Is anyone noticing a speed loss with the later versions of macOS? I'm on Monterey 12.7 and have no need/desire to upgrade unless there is a significant performance increase or software necessity. I'm of the mindset that Apple will make older hardware slowly run slower with successive macOS upgrades, insuring the "need" to buy new hardware. That may seem conspiratorial, but... I also believe it's impossible to downgrade to an older version of macOS, once you've updated. Being that macOS is becoming more and more iOS-like and that's the way Apple does things for iOS devices, stands to reason macOS would suffer a similar one-way road...
It is possible to downgrade your M1 from Sonoma to Monterey. But it's a PITA. Here's the procedure:
https://forums.macrumors.com/thread...-silicon.2420265/?post=32972521#post-32972521
Alternately, if you have the space, you could test out Sonoma while keeping Monterey. To do that, create a completely separate partition (what Apple calls a "Container"), and install Sonoma on that. You'd probably only need ≈60 GB to install Sonoma and your most important apps. Then if you don't like it, you could delete the partition and continue to use Monterey.

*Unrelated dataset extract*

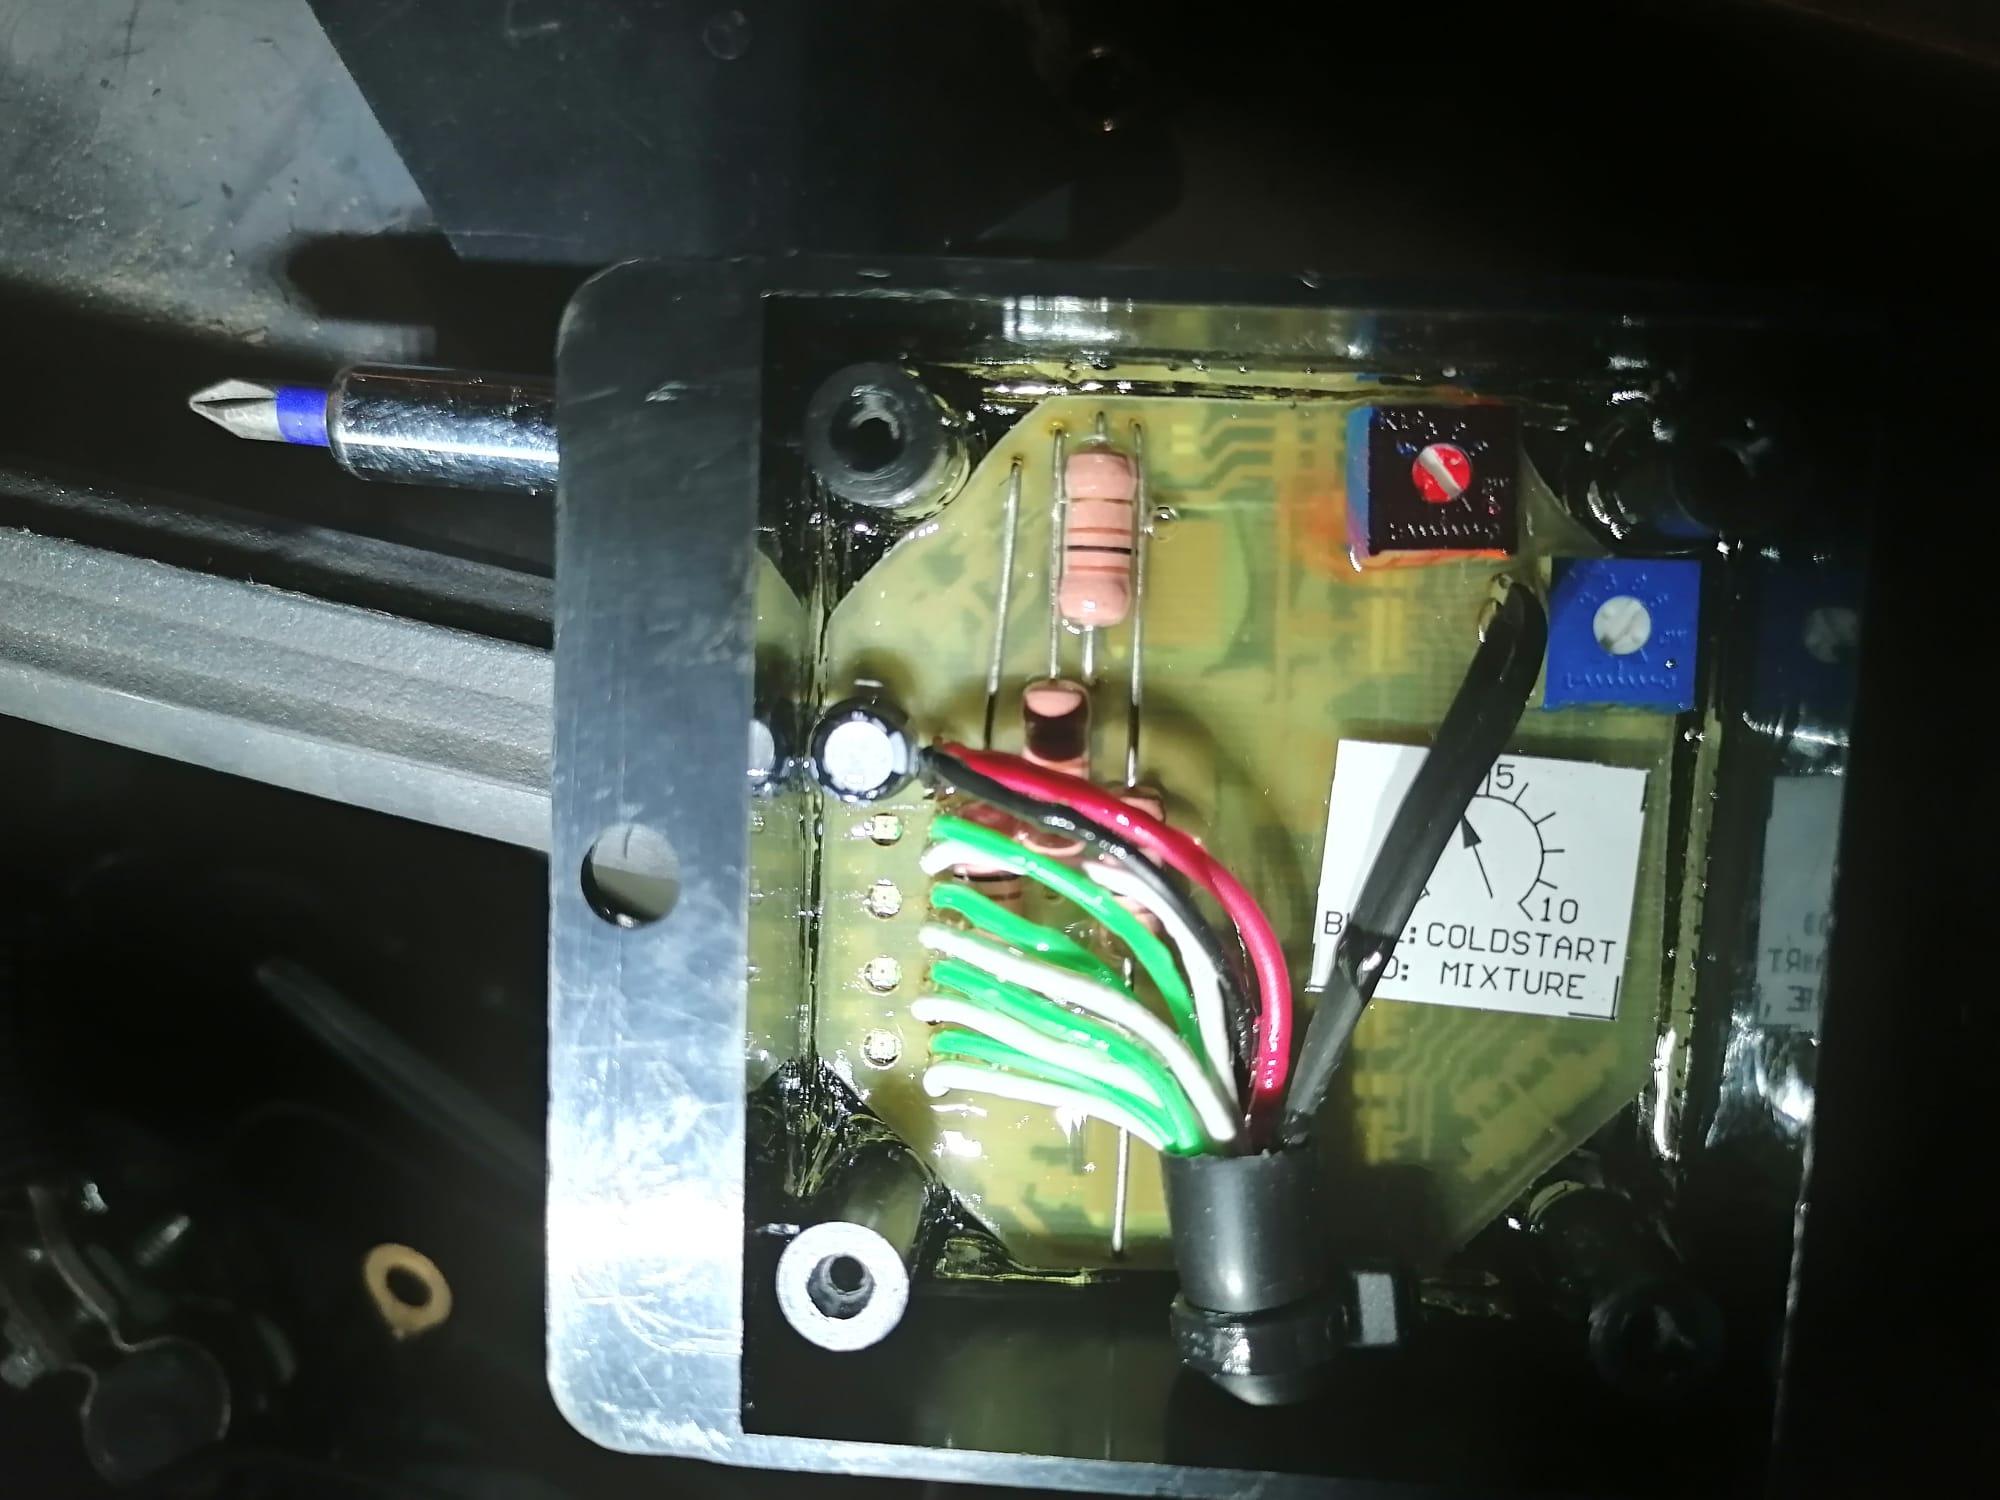 [TUTO] Vidéo comment installer le kit e85 v2 d'Eco-System A91-D9075-6-B35-409-C-8-D21-550-FBD72-A9-DE

Just make sure you have a full backup before creating a new Container--which you should have anyways.
I'd recommend creating a separate Container, rather than doing Apple's default, which is to create a new Volume on your existing Container. Having Sonoma on a separate Container ensures more isolation between Sonoma and Monterey.
Just two possible downsides:
1) If your work requires all your disks be encrypted, note that when the system creates an additional Container it will also create a separate small unencrypted, and unencryptable, partitition (don't know its purpose, but maybe its required to manage multiple OS's) that will cause your computer to fail the security check.
2) It's possible that installing Sonoma might create irreversible changes to your firmware. I've no idea if that's the case--someone with more expertise than me might be able to answer.